## EXERCISE GOAL
Please transcribe the data exactly as shown, skipping the images.

---- DATA EXTRACT

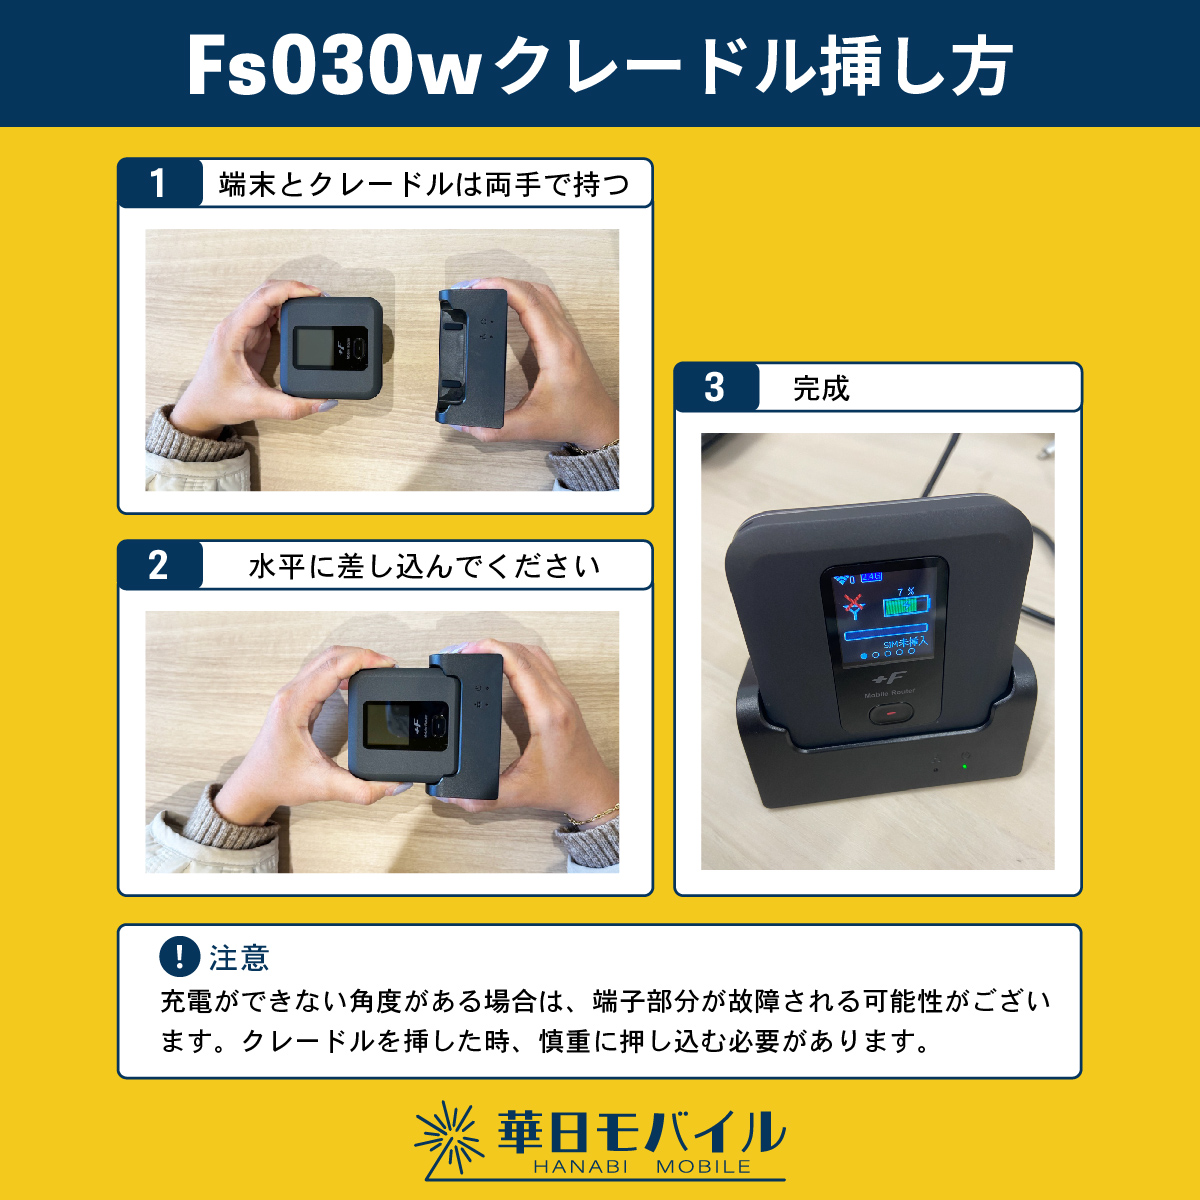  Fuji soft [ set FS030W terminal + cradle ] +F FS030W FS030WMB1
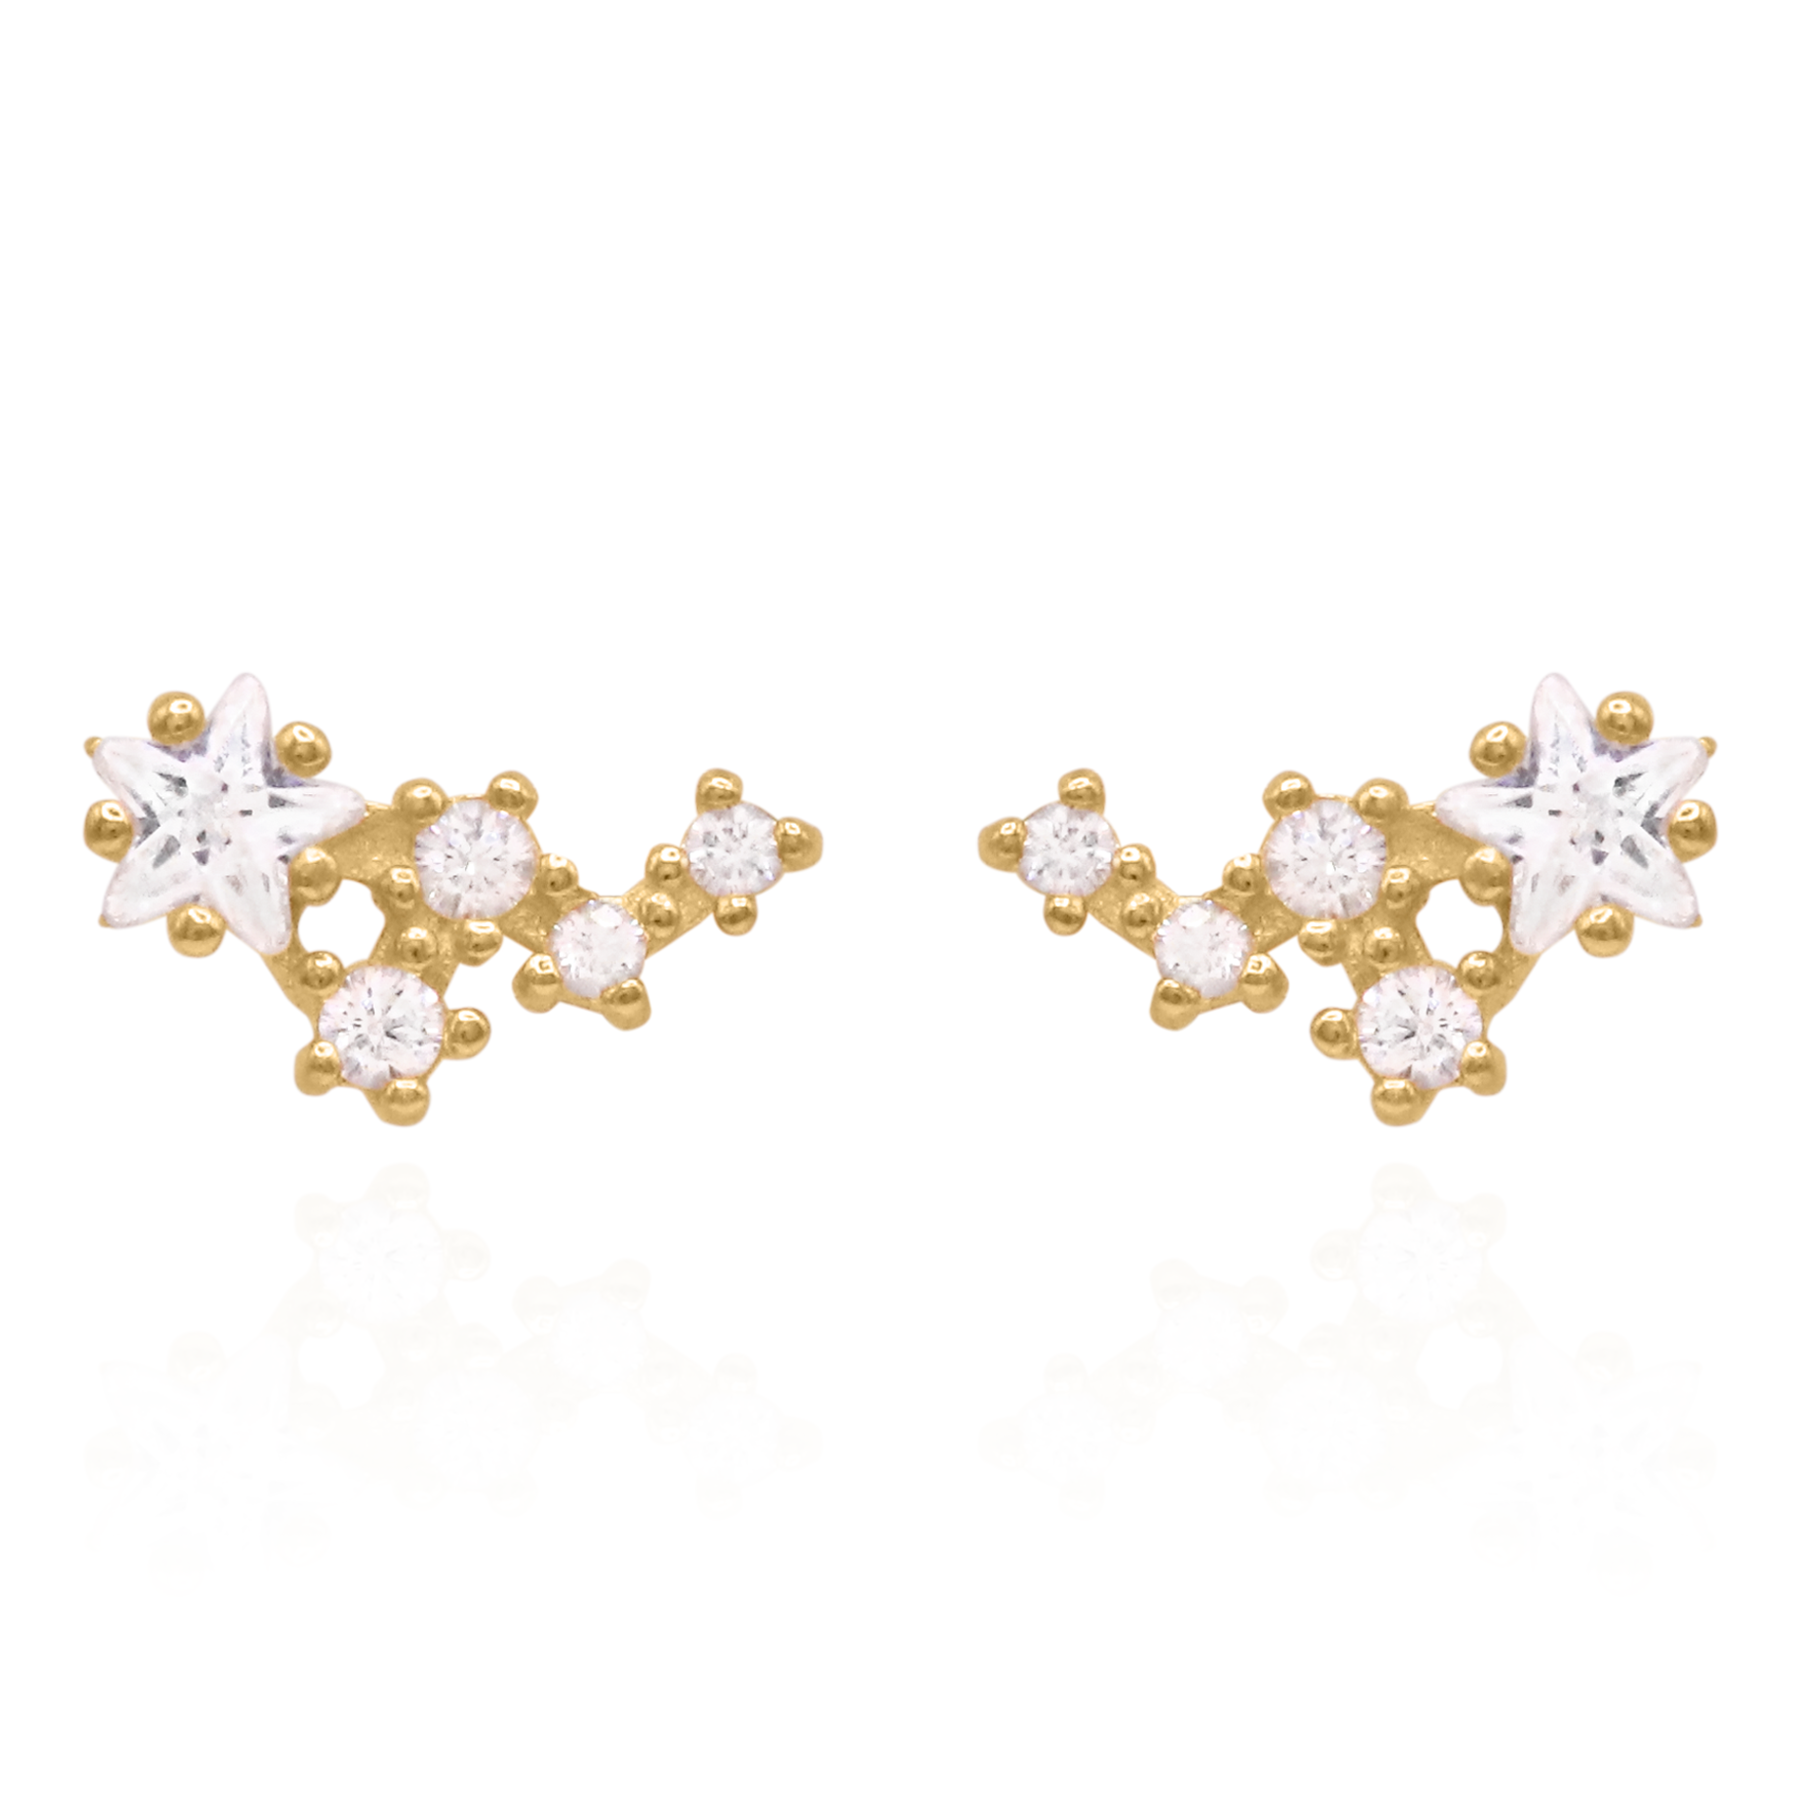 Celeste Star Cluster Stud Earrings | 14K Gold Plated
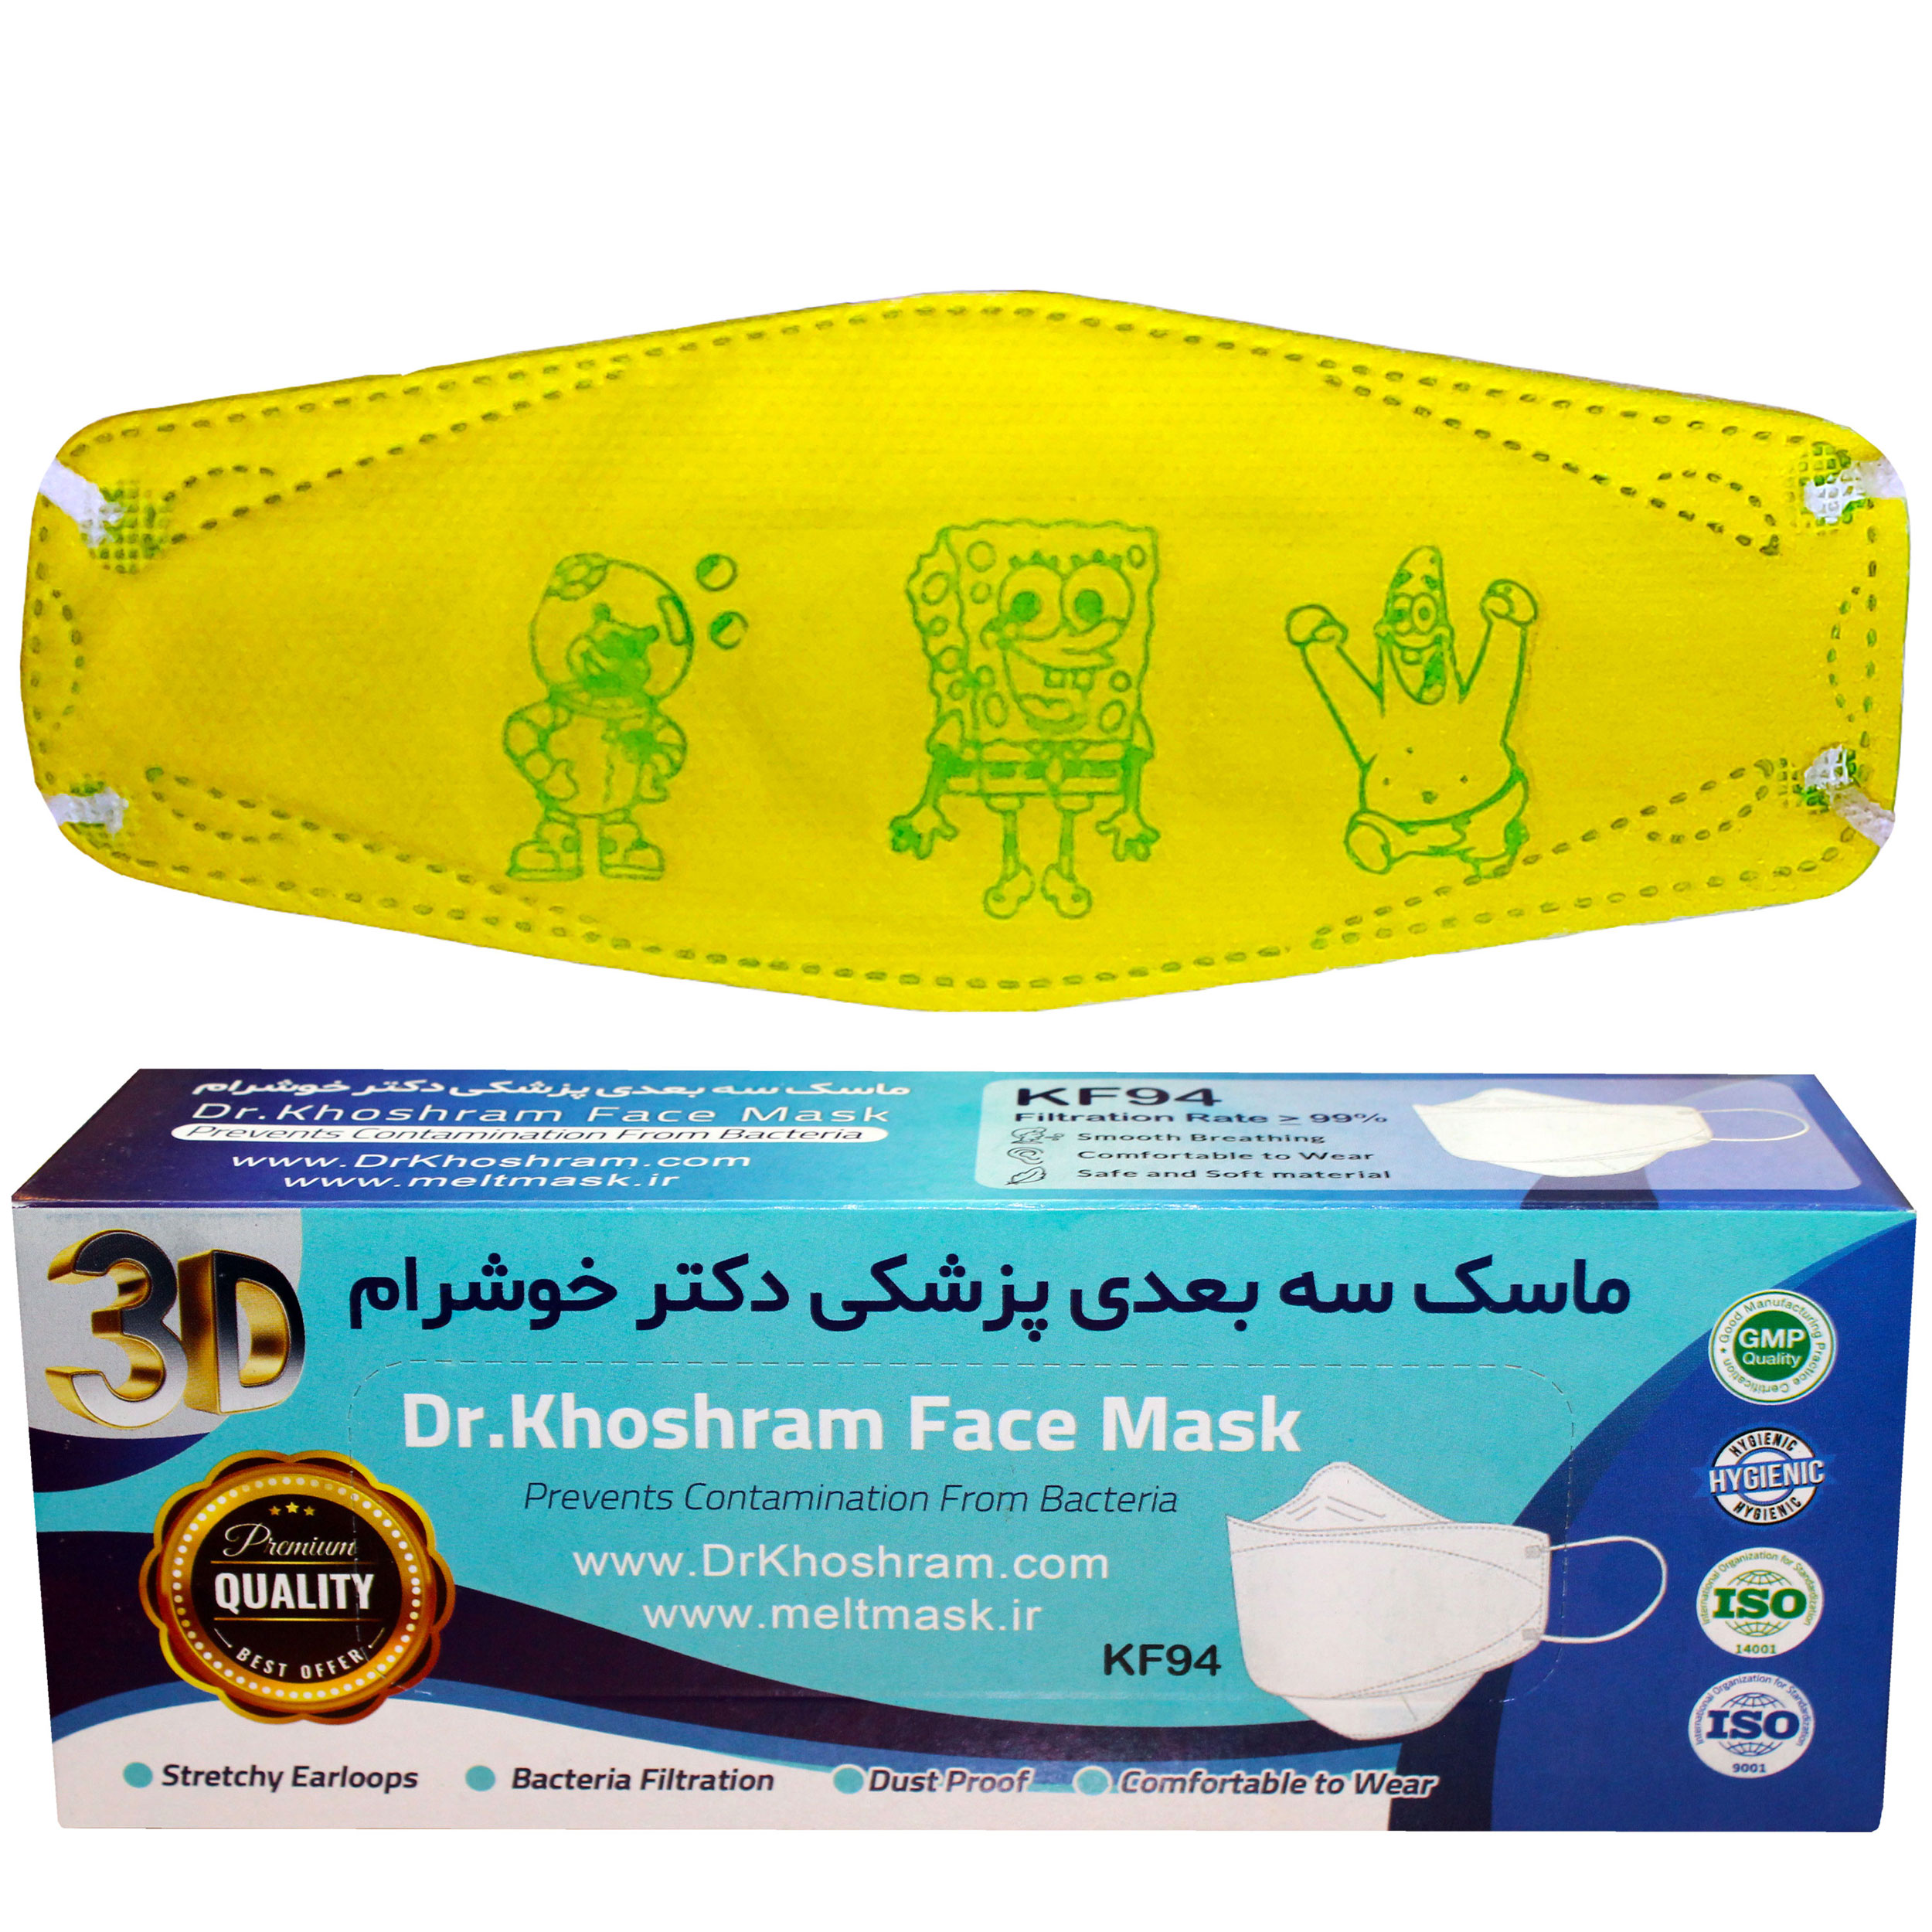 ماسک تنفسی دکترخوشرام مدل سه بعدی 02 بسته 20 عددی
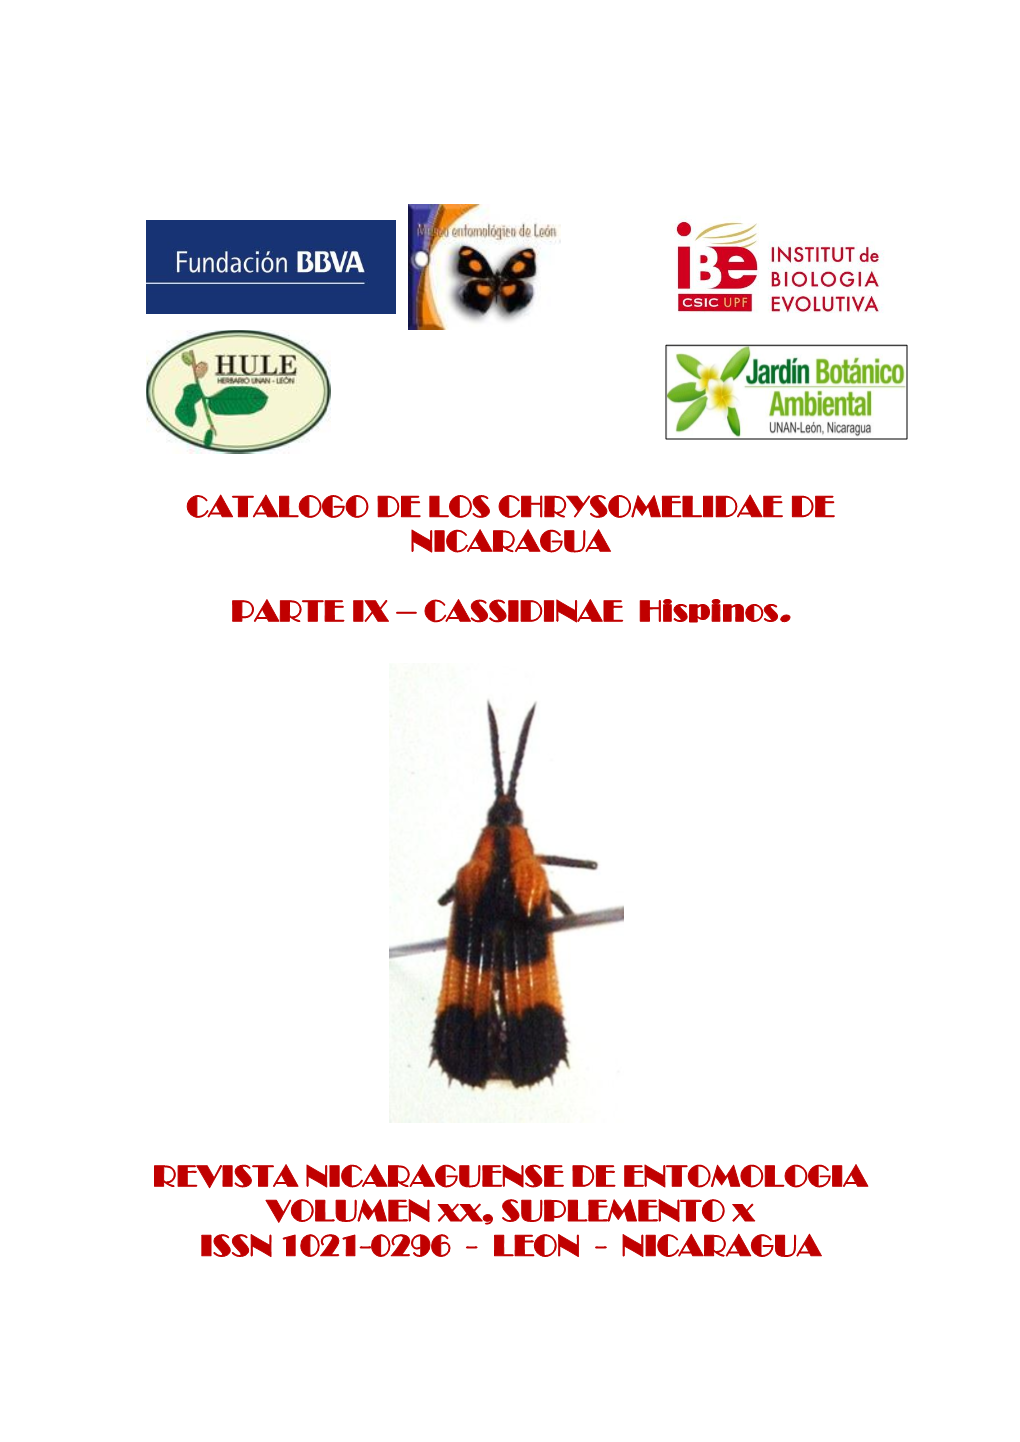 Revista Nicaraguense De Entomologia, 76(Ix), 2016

--------

## RESULT FOR THIS TASK
  Fuji soft [ set FS030W terminal + cradle ] +F FS030W FS030WMB1
 Celeste Star Cluster Stud Earrings | 14K Gold Plated
 ماسک تنفسی دکترخوشرام مدل سه بعدی 02 بسته 20 عددی
 Revista Nicaraguense De Entomologia, 76(Ix), 2016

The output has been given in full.